Author: Shruti Gupta, 3BA LLB(Hons.), Christ (Deemed to be University) Delhi- NCR


This article gives an analytical study about the emerging copyright issues faced by the individuals in the progressing digital world and how the legal system adapts changes in the digital age. It focuses on how with the  growing need of digitalisation, individuals forget to take authorization from the copyright owners. This study includes case analysis and the ratio of emerging copyright issues in India. It also includes the concept of copyright, its historical development, and the challenges faced by the country due to digitalisation. The advent of digital networks and platforms has made it possible for knowledge to be shared quickly and easily, which has caused major disruptions. It looks ahead with the growing needs of the society with new technologies such as AI, blockchain, which introduces promising results in copyright protection as well as introduces challenges.


Digitalization has yielded beneficial consequences globally; yet, improper utilisation of this technology is also fostering disorder and illicit behaviour. The copyright is the most infringed by an intellectual property right. In the digital age, copyright protection has emerged as a critical concern. Copyright refers to the unique legal right to publish, sell, or transmit the subject matter and format of something (such a work of art, music, or literature). It is an intellectual property right and applies to software and computer programs. It provides protection to the authors for maintaining privacy and security of their work and creations and in return expects to get rewards. It is a legal concept that gives the owner of the work unique rights to that work for some period of time and allows them to earn profit financially from their works. It can be acquired by a person having ownership rights or an agent who is permitted to act on behalf of the creator. According to Section 14 of the Act, the owner of copyright is granted a collection of exclusive rights, collectively referred to as copyright. Digital data may be swiftly searched, compactly stored, precisely reproduced for preservation, and instantly accessed from anywhere in the globe. Copyright laws are facing significant challenges due to the advent of new technologies such as networks, digital libraries, electronic publications, software advances, satellite communication, wireless technologies, etc.

 India’s copyright laws have their origins in ancient times, when scribes copied and archived writings on palm leaves. The British colonial era is when India’s copyright laws first came into existence. However, the Bombay High Court declared the Copyright Act of the United Kingdom to be applicable in India in the case of McMillan v. Khan Bahadur Shamsul Ulama Zaka (1895- ILR Bom 557) before the British adopted the copyright legislation in India. The Copyright Act of 1847, which was largely based on the U.K. The Copyright Act of 1842, was the country’s first copyright statute. 


Copyright protection has been experiencing challenges due to digital storage and distribution technology. Modern technologies have implications for copyright law, for example, in terms of ease of duplication and distribution. One of Copyright’s most difficult challenges to date has been the Internet.
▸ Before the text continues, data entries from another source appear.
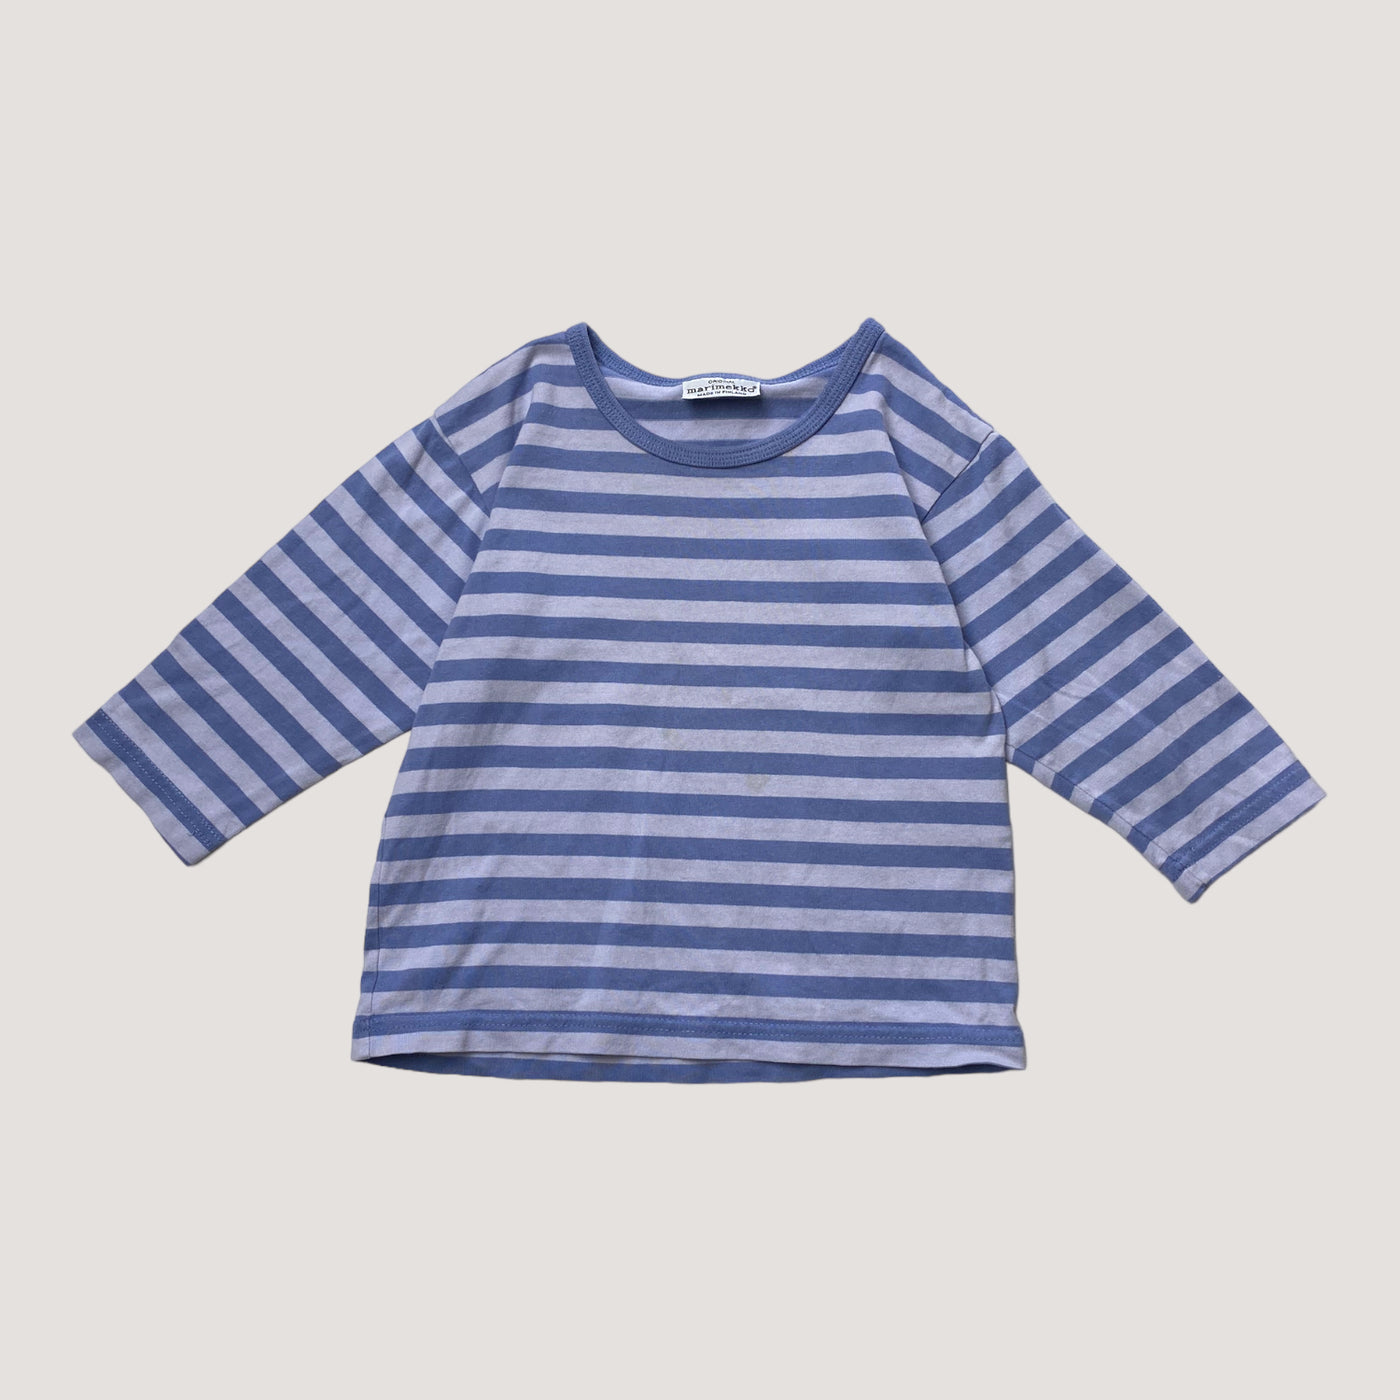 Marimekko stripe long sleeve shirt, royal blue | 90cm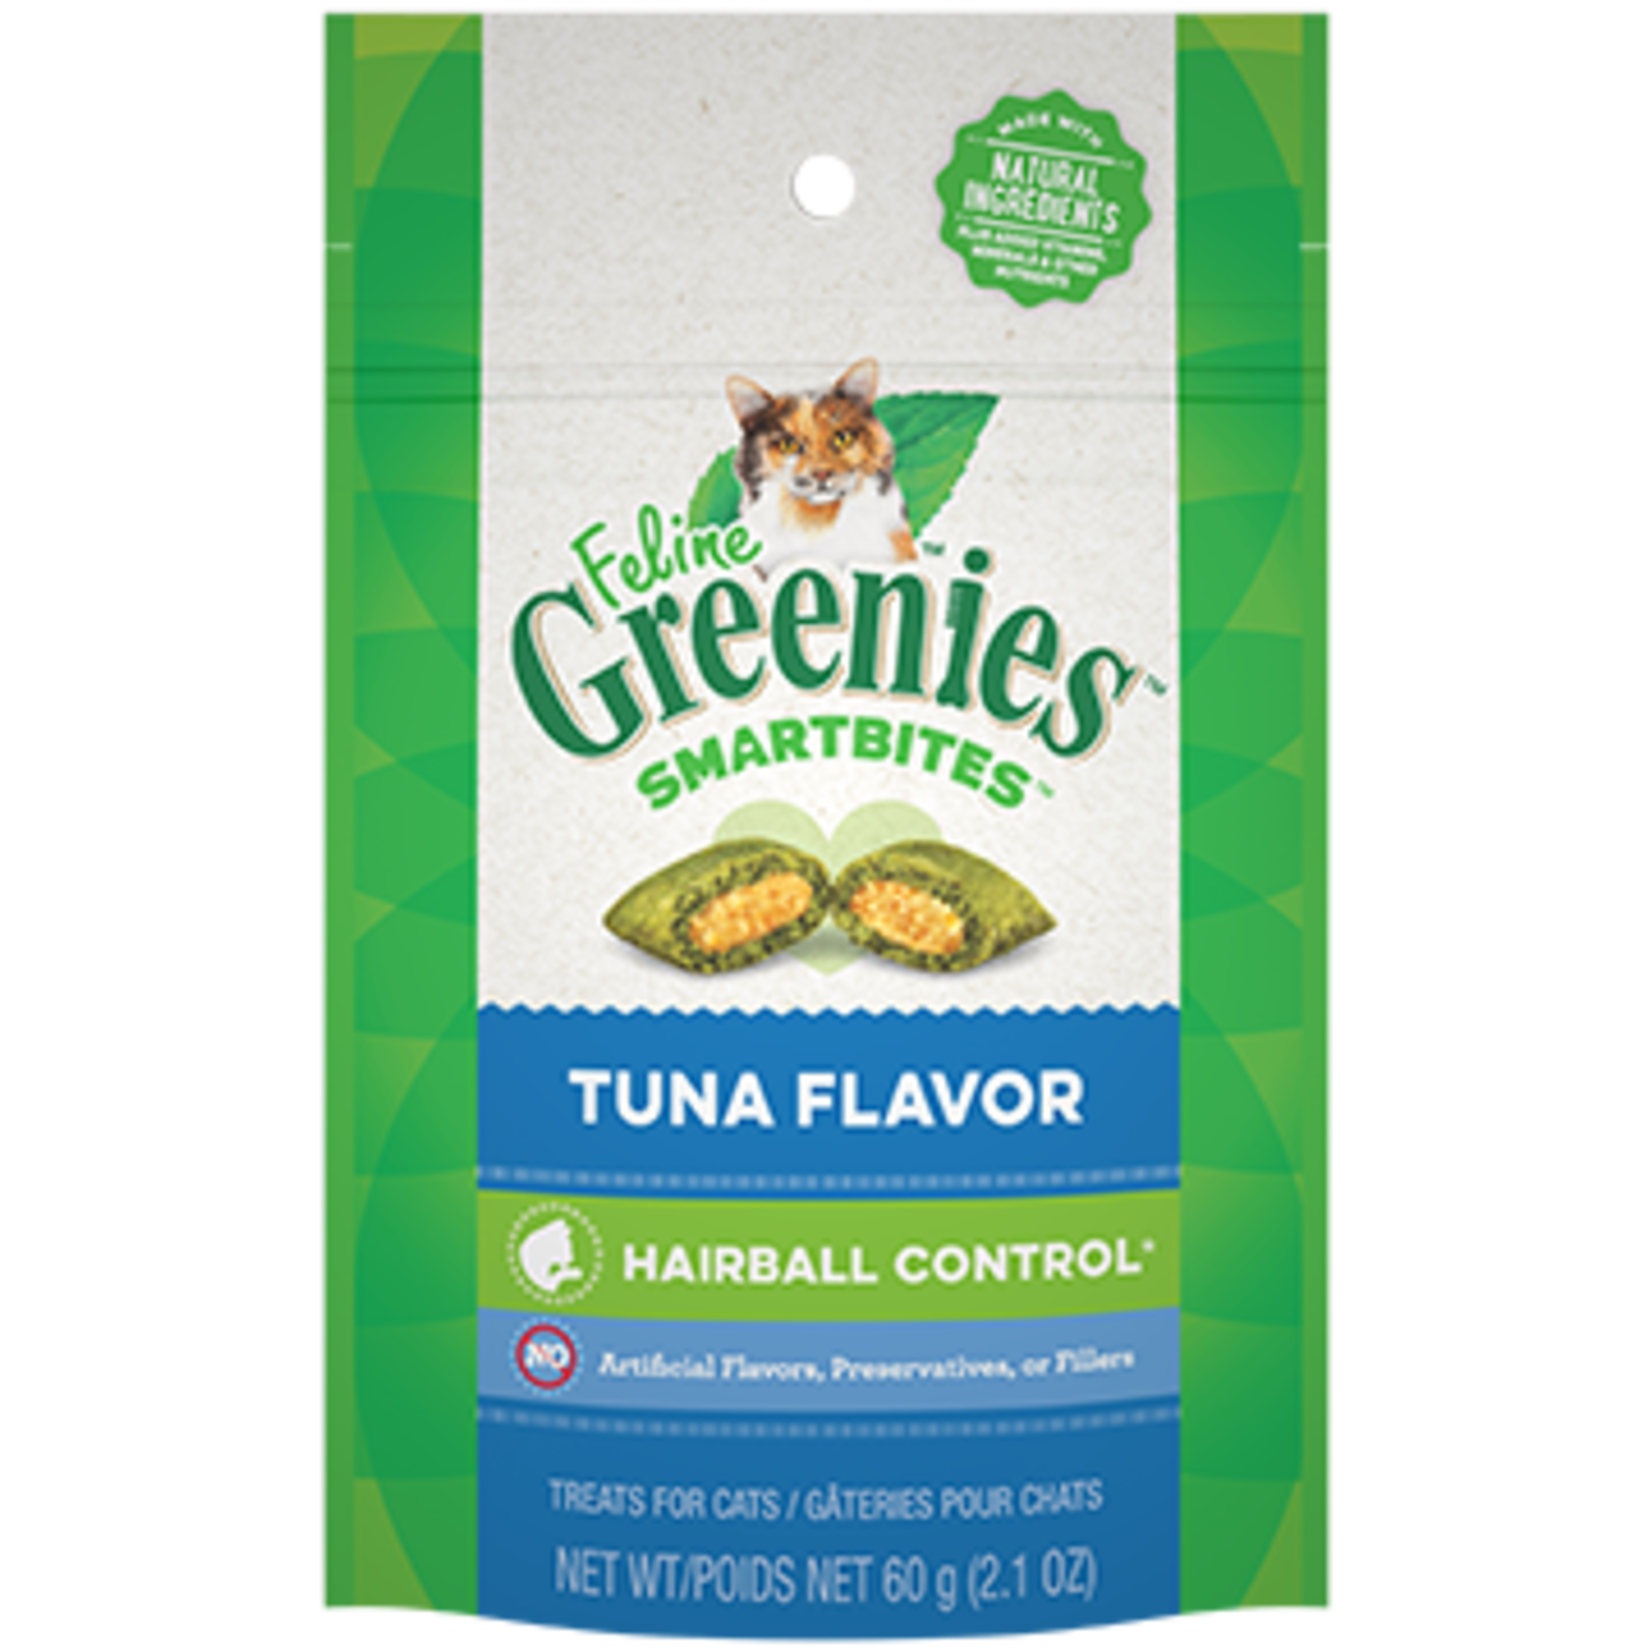 Greenies Feline Greenies Smartbites Cat Treats Hairball Control Tuna Flavor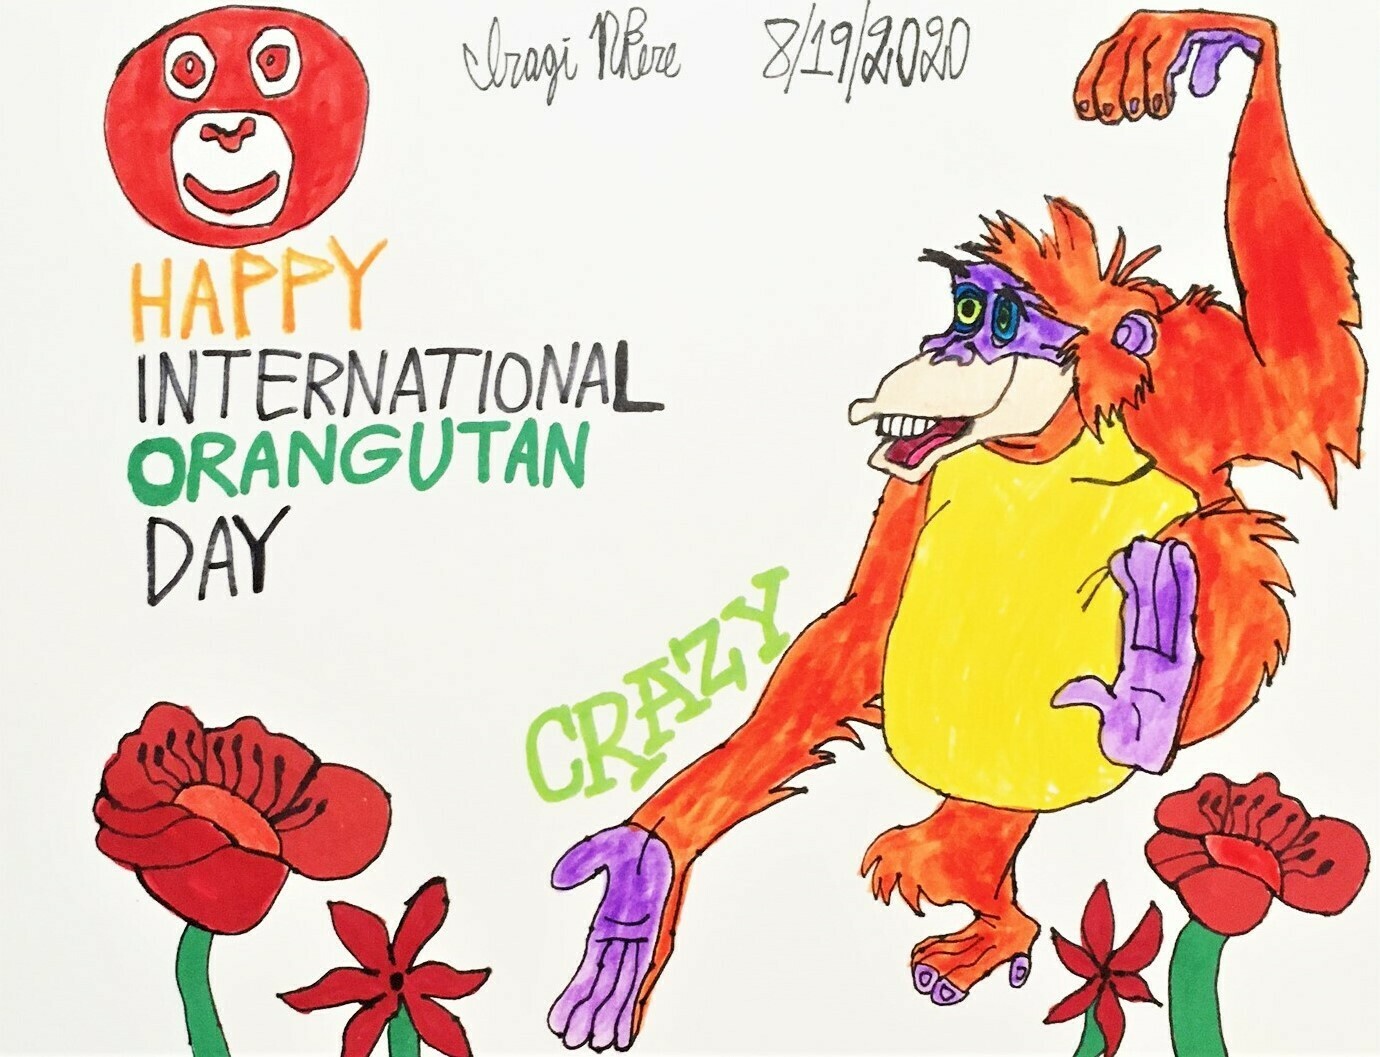 Happy International Orangutan Day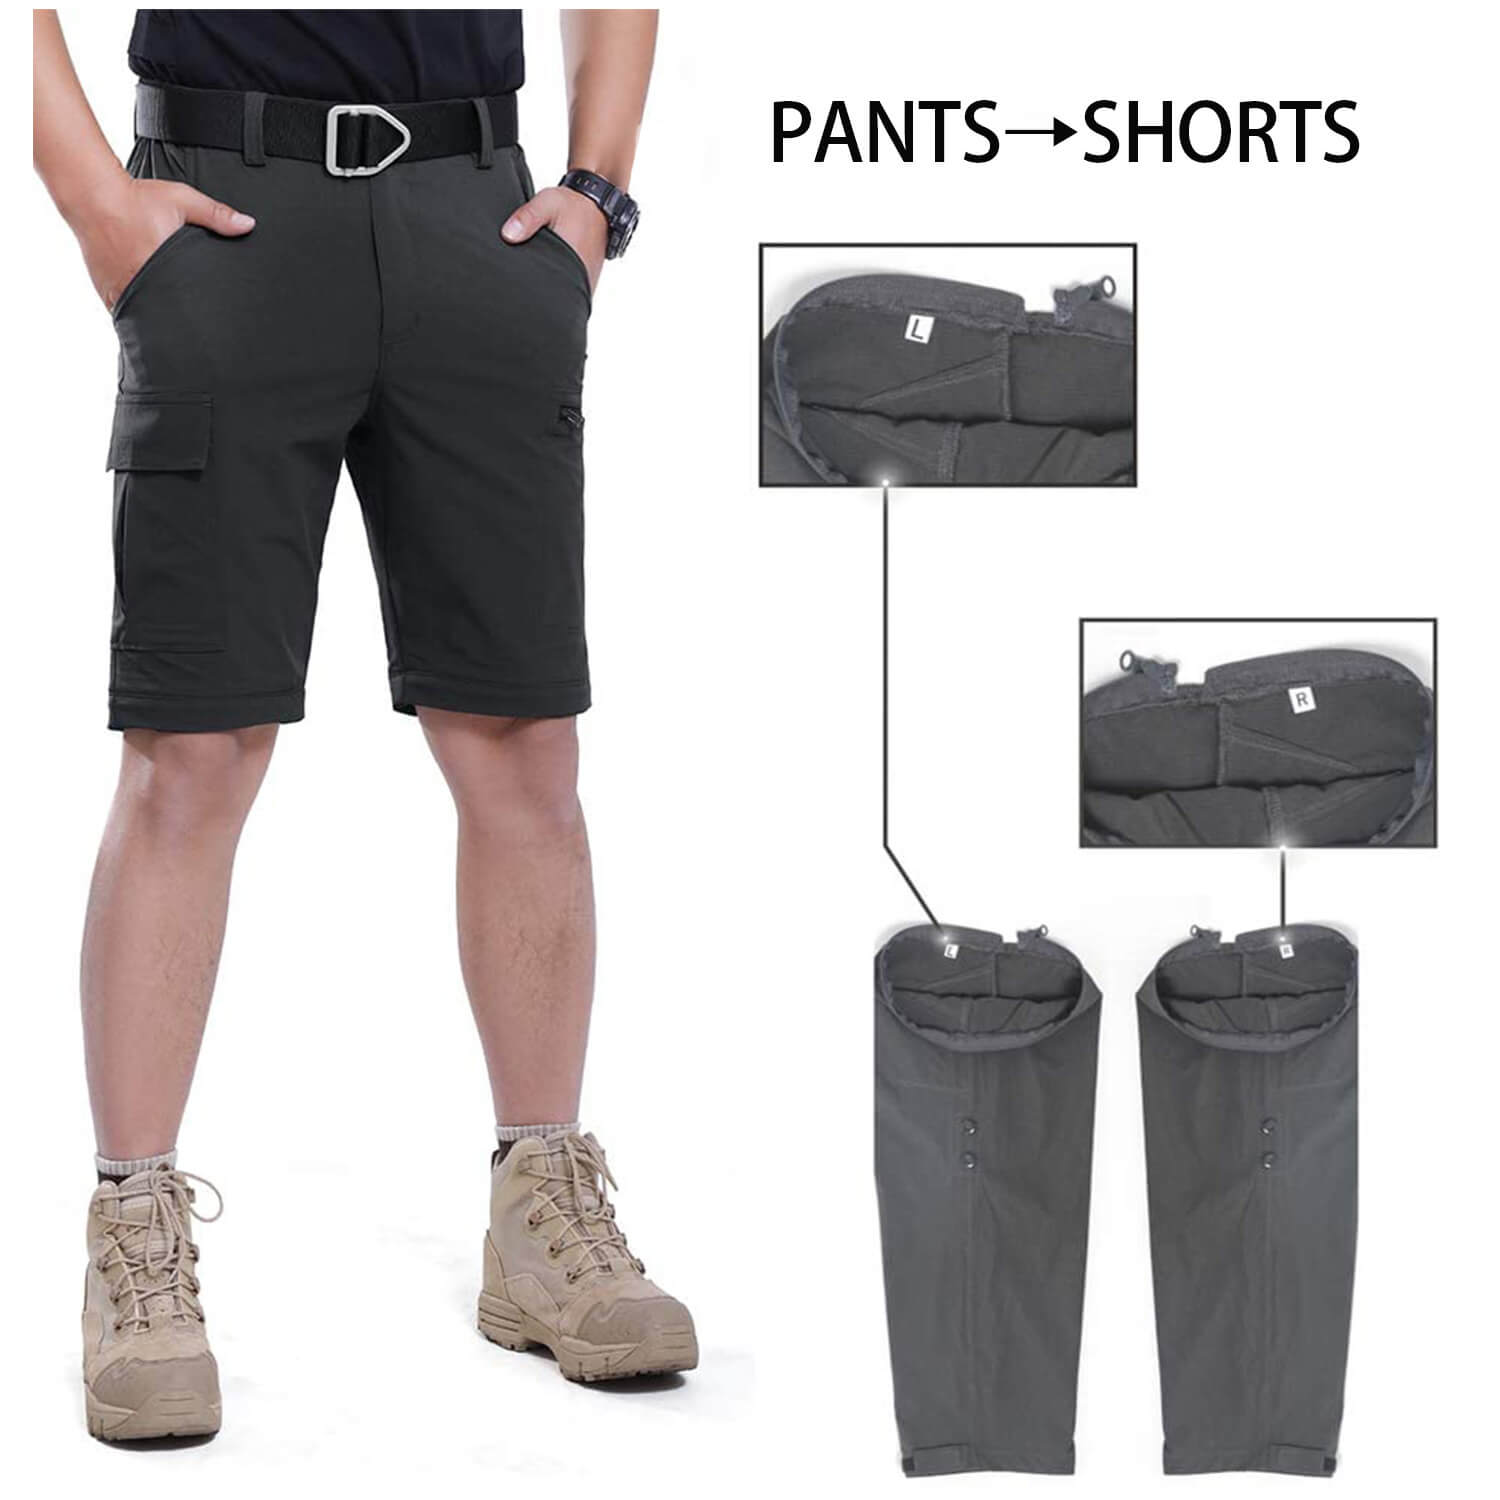 Men's Convertible Hiking Pants

The level of copyright protection varies based on the information found online. Copyrighted works on the internet include, among other things, news, articles, scripts, photos, graphics, and videos. Determining whether a work is a copy or a duplicate of a protected work can be difficult because of the abundance of information available online. A common misperception is that content found in the public domain on the internet may be freely copied. As more and more people are aware of copyright rights, businesses and the internet are changing daily. Despite this, prospective infringers and hackers are nonetheless motivated to try to invade other people’s property or breach people’s privacy.


In the larger context, amplification of protection might be provided given that the internet now provides multimedia performances through films, music, and videos in addition to cinematic works. This is also because electronic devices may change and deform actor images and voices. One example of this is morphing, which is just the changing of one image into another. The accessible nature of counterfeit copies of films before their official release worries the business. With digital interactive television (the iTV platform), viewers may pause and replay live TV and record shows by actor or genre using their personal recorders.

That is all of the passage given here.